Proprietary Petrel FTM Plug-In
Fault properties were generated from the Shell FTM tool. The results were analyzed to understand the likely effects on cross-fault fluid flow. The algorithm is underpinned with geology and reservoir properties and is deployed as a plug-in. It automatically calculates fault seal factors for all grid-cell connections using structural model and reservoir properties that already exist in the static reservoir model. Compartmentalization and production behavior observed in Egret field provided an opportunity to apply the plug-in and investigate dynamic fault-seal breakdown across one of the faults during production at a drawdown of approximately 6,000 psi. From the location of the producer well, the key fault that could break down and affect production is most likely the fault separating Compartment A and the northern block.
Production Analysis
The objectives of performing production analysis were to estimate connected oil volume during a rapid pressure depletion phase and verify influx of fluid and pressure support from another compartment into the producing block. The numerical interpretation method was used.
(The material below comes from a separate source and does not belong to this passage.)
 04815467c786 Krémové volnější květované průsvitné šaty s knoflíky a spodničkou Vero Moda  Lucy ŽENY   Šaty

Results were achieved by changing the fault transmissibility multiplier on the fault until a satisfactory match on historical production data is obtained.
The pressure-depletion profile shows that fault-seal breakdown occurred before the perforation of the Pentland formation; hence, production analysis was restricted to the Skagerrak historical production data.
Deconvolution
A.C. Gringarten’s 2010 paper “Practical Use of Well-Test Deconvolution” (Paper SPE 134534) showed how deconvolution can be used to identify compartmentalization and pressure recharge from other layers, which is difficult to observe from conventional analysis. A similar approach was applied in this work. The objectives here were to identify the fault where the fault seal had failed over the production time scale and estimate the distance traveled by the pressure transient after fault-seal breakdown. An attempt was made to predict the origin of fault-seal failure on the basis of distance obtained. The analysis was also restricted to the Skagerrak historical production data because that was the period during which fault-seal breakdown was suspected to have occurred.
Results and Discussion
This paper presents three main methods used to identify dynamic fault-seal breakdown. The first involves the use of Shell’s proprietary FTM plug-in, while the other two use well-test analyses.
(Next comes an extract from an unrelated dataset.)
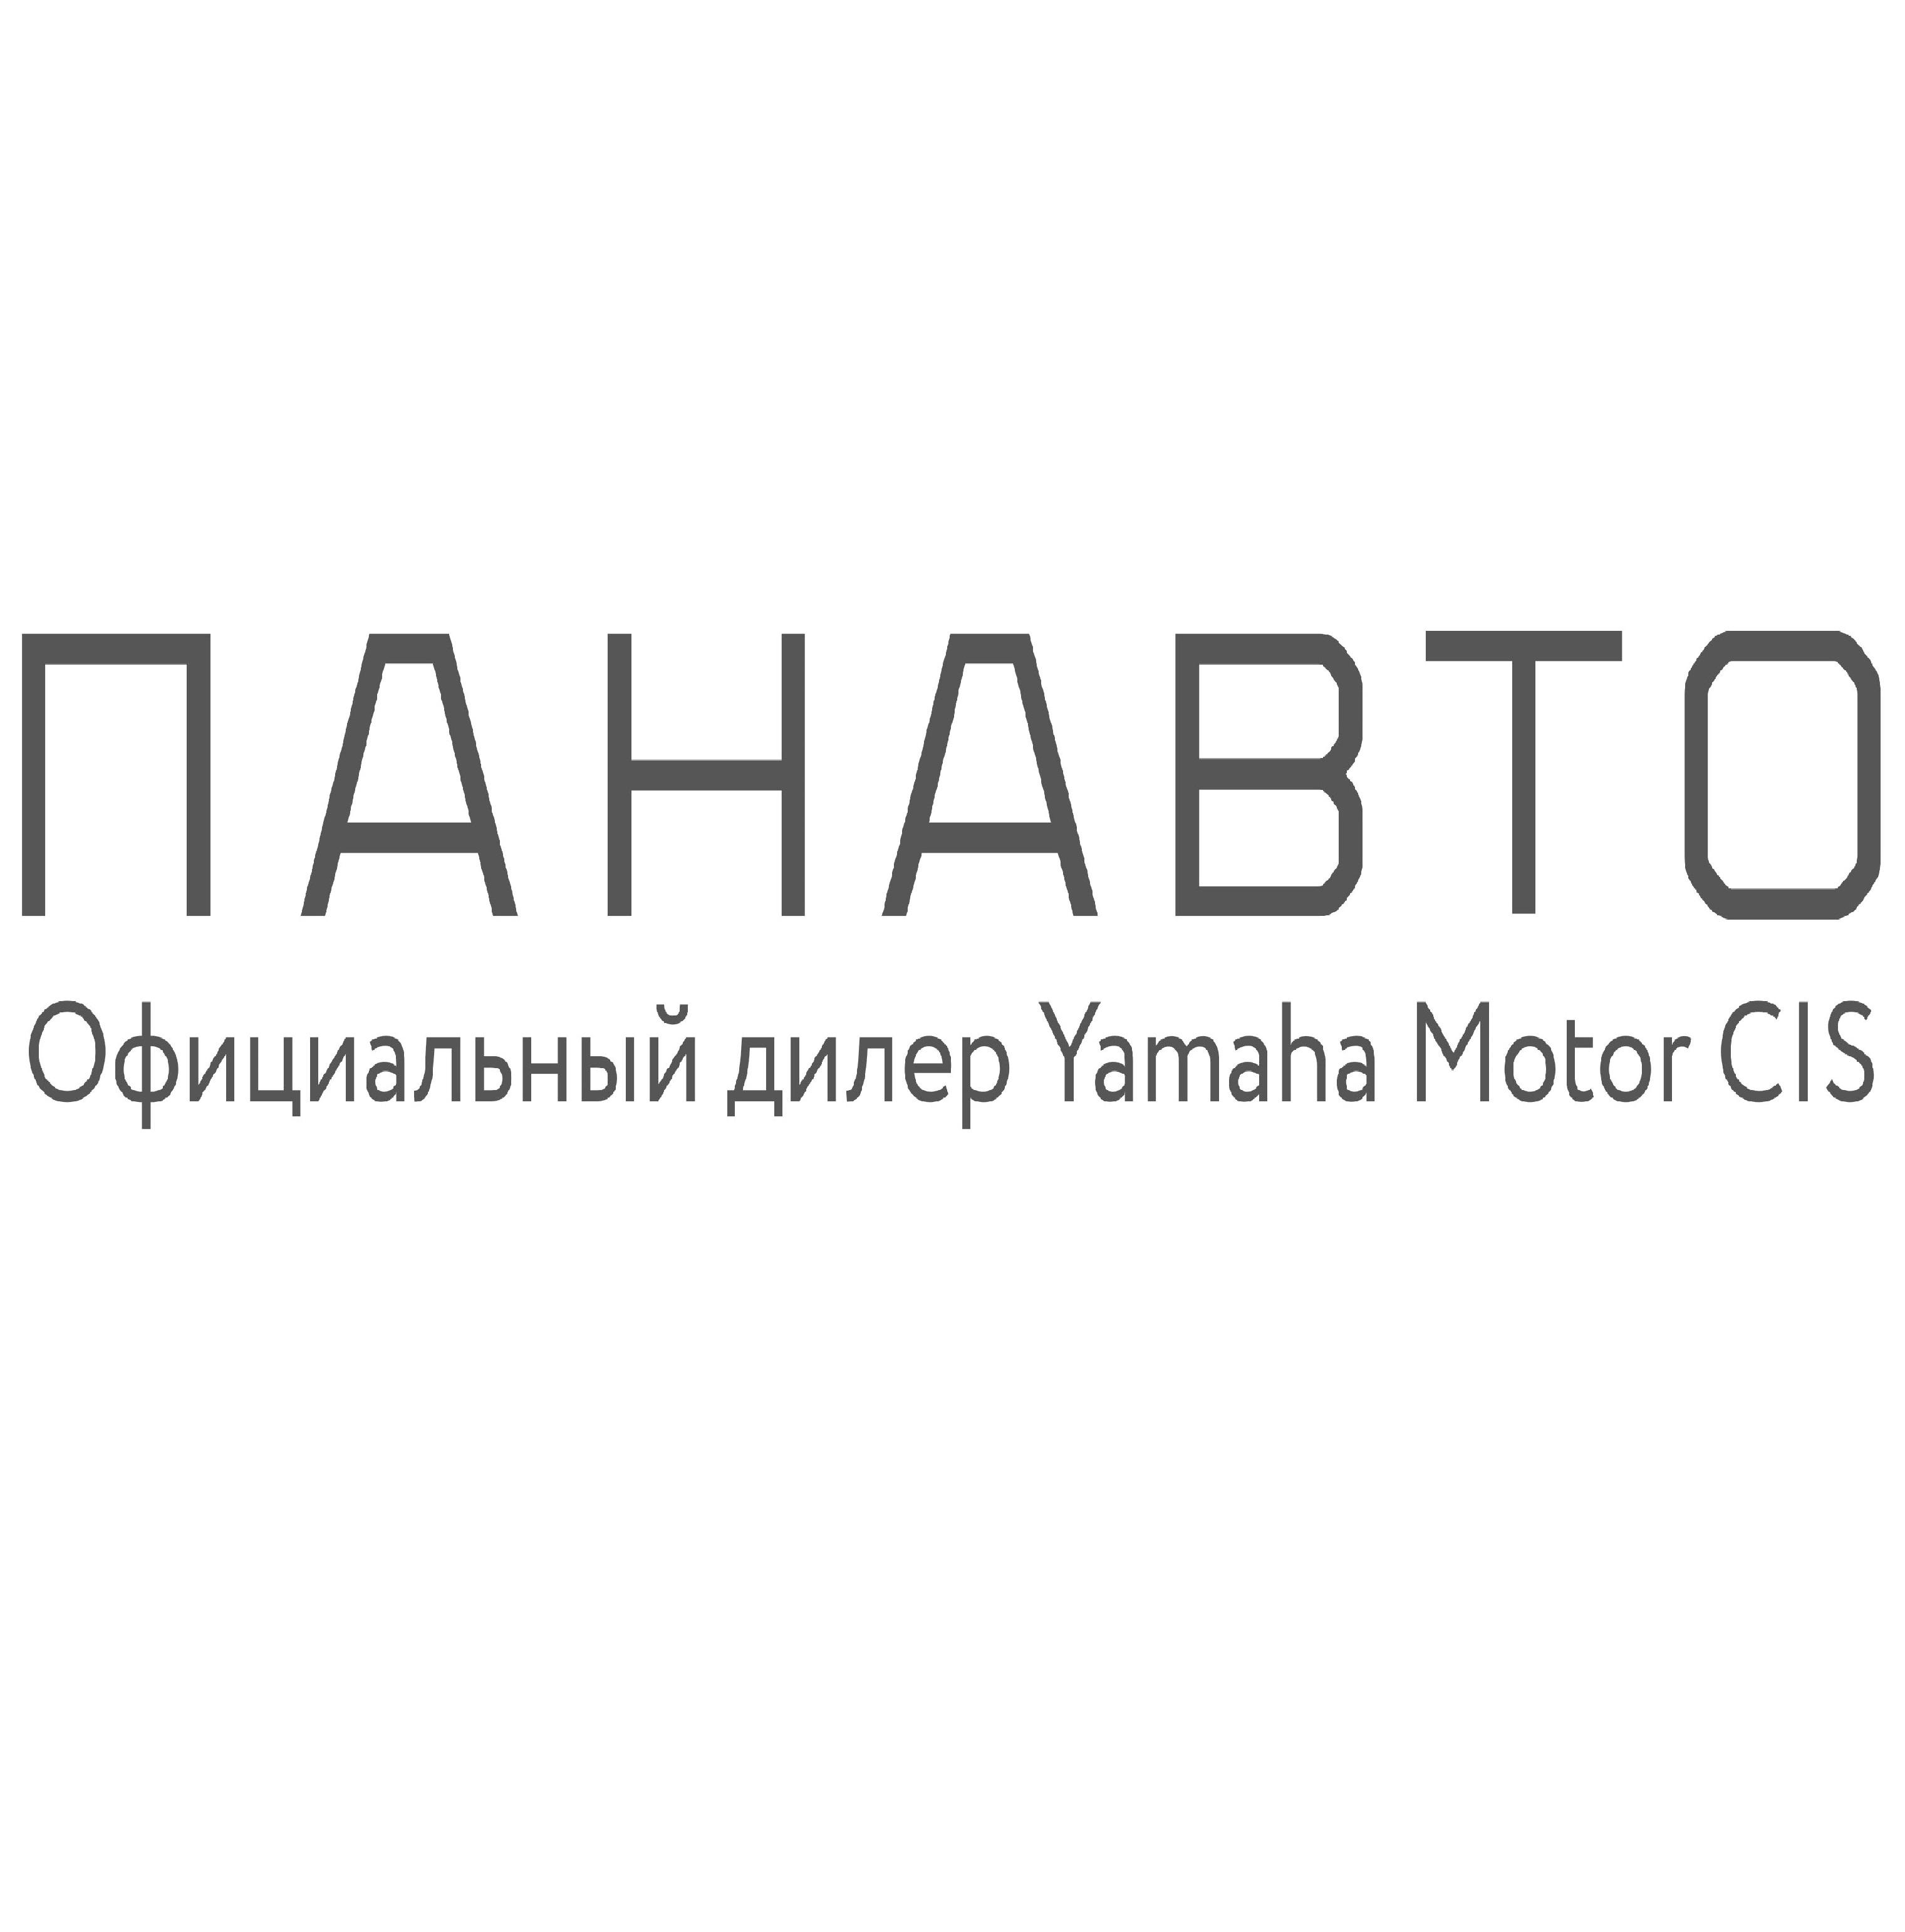 Теплообменное оборудование дилер yamaha motor cis купить теплообменник baxi main 24 fi

In the first approach, the dynamic fault-seal breakdown observed would have been difficult to resolve without the use of the FTM plug-in to assign varying geologically and petrophysically realistic fault properties along the fault. Calculated Egret fault permeabilities were cross plotted against mercury/air capillary-entry pressures from a global proprietary database, which showed that an entry pressure of 6,000 psi needs to be exceeded to allow flow across the fault.
The second fault-seal breakdown investigation technique on Skagerrak historical production data was performed with production-analysis software, which identified the leaky boundaries. History matching was achieved with low values of fault transmissibility multiplier. These low values suggest that the reservoir cannot be drained by a single producer.
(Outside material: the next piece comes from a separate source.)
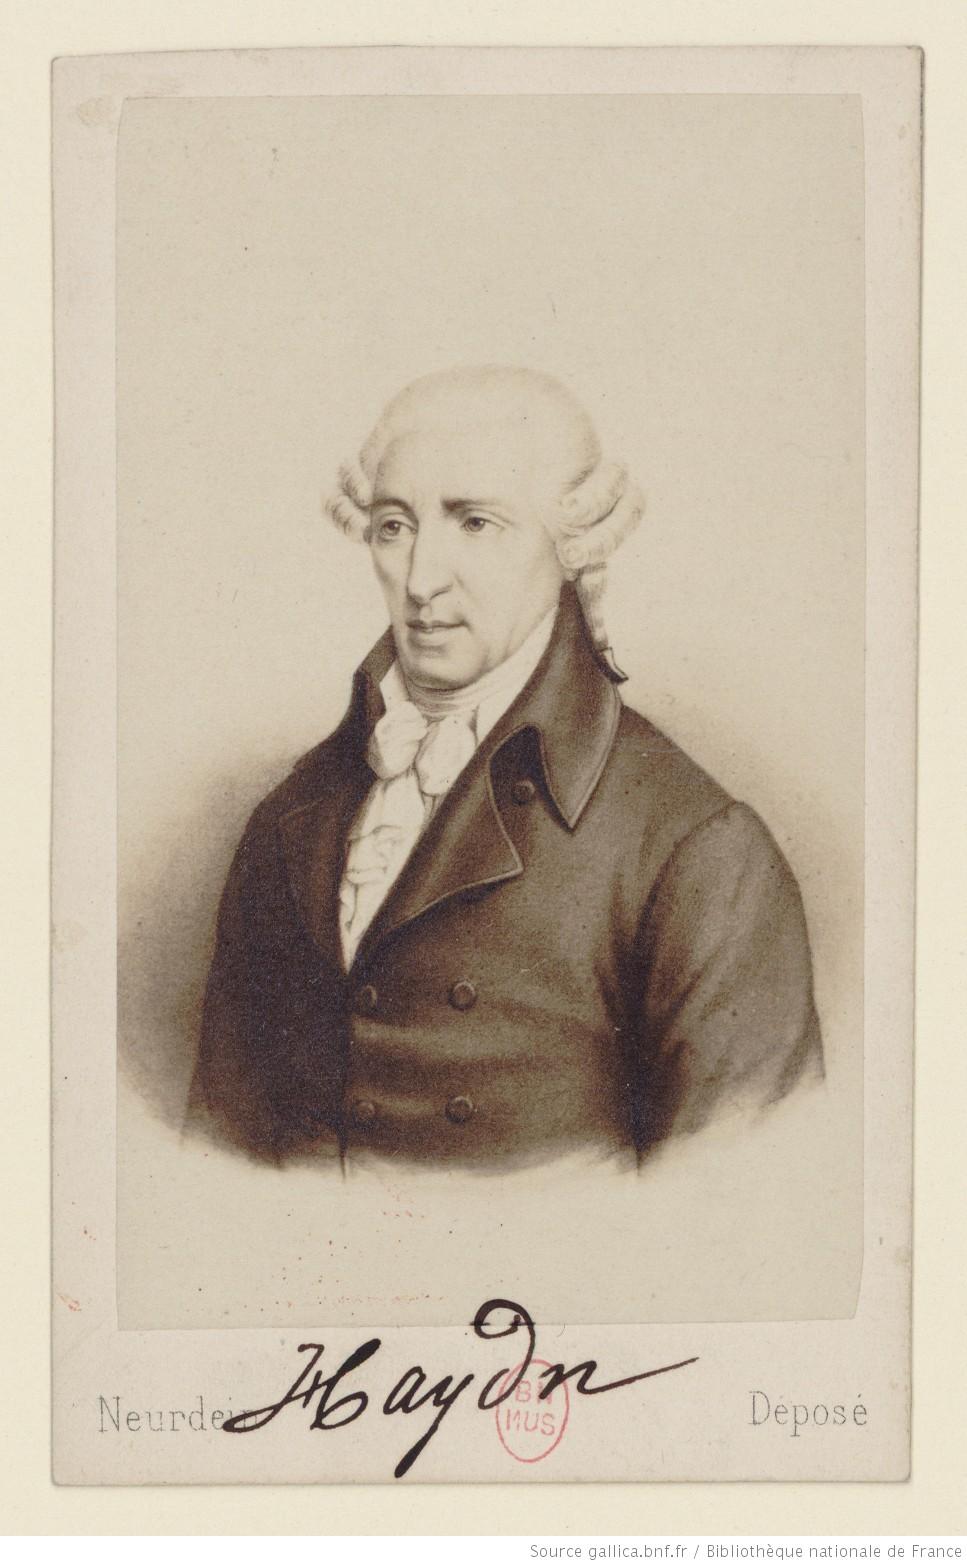 Joseph HAYDN, Bibliothèque nationale de France, cliquer pour voir l'original et ses références

The third technique used was deconvolution. Deconvolution not only identified the transmissible fault but also identified the region where dynamic fault-seal breakdown might have started. This was evident from the distance traveled by the pressure transient during the transition period.
Results obtained from production analyses, deconvolution, and the proprietary FTM plug-in indicate the likely faults where fault-seal breakdown could have occurred. The results areal so consistent with 2005 4D-seismicdata interpretation.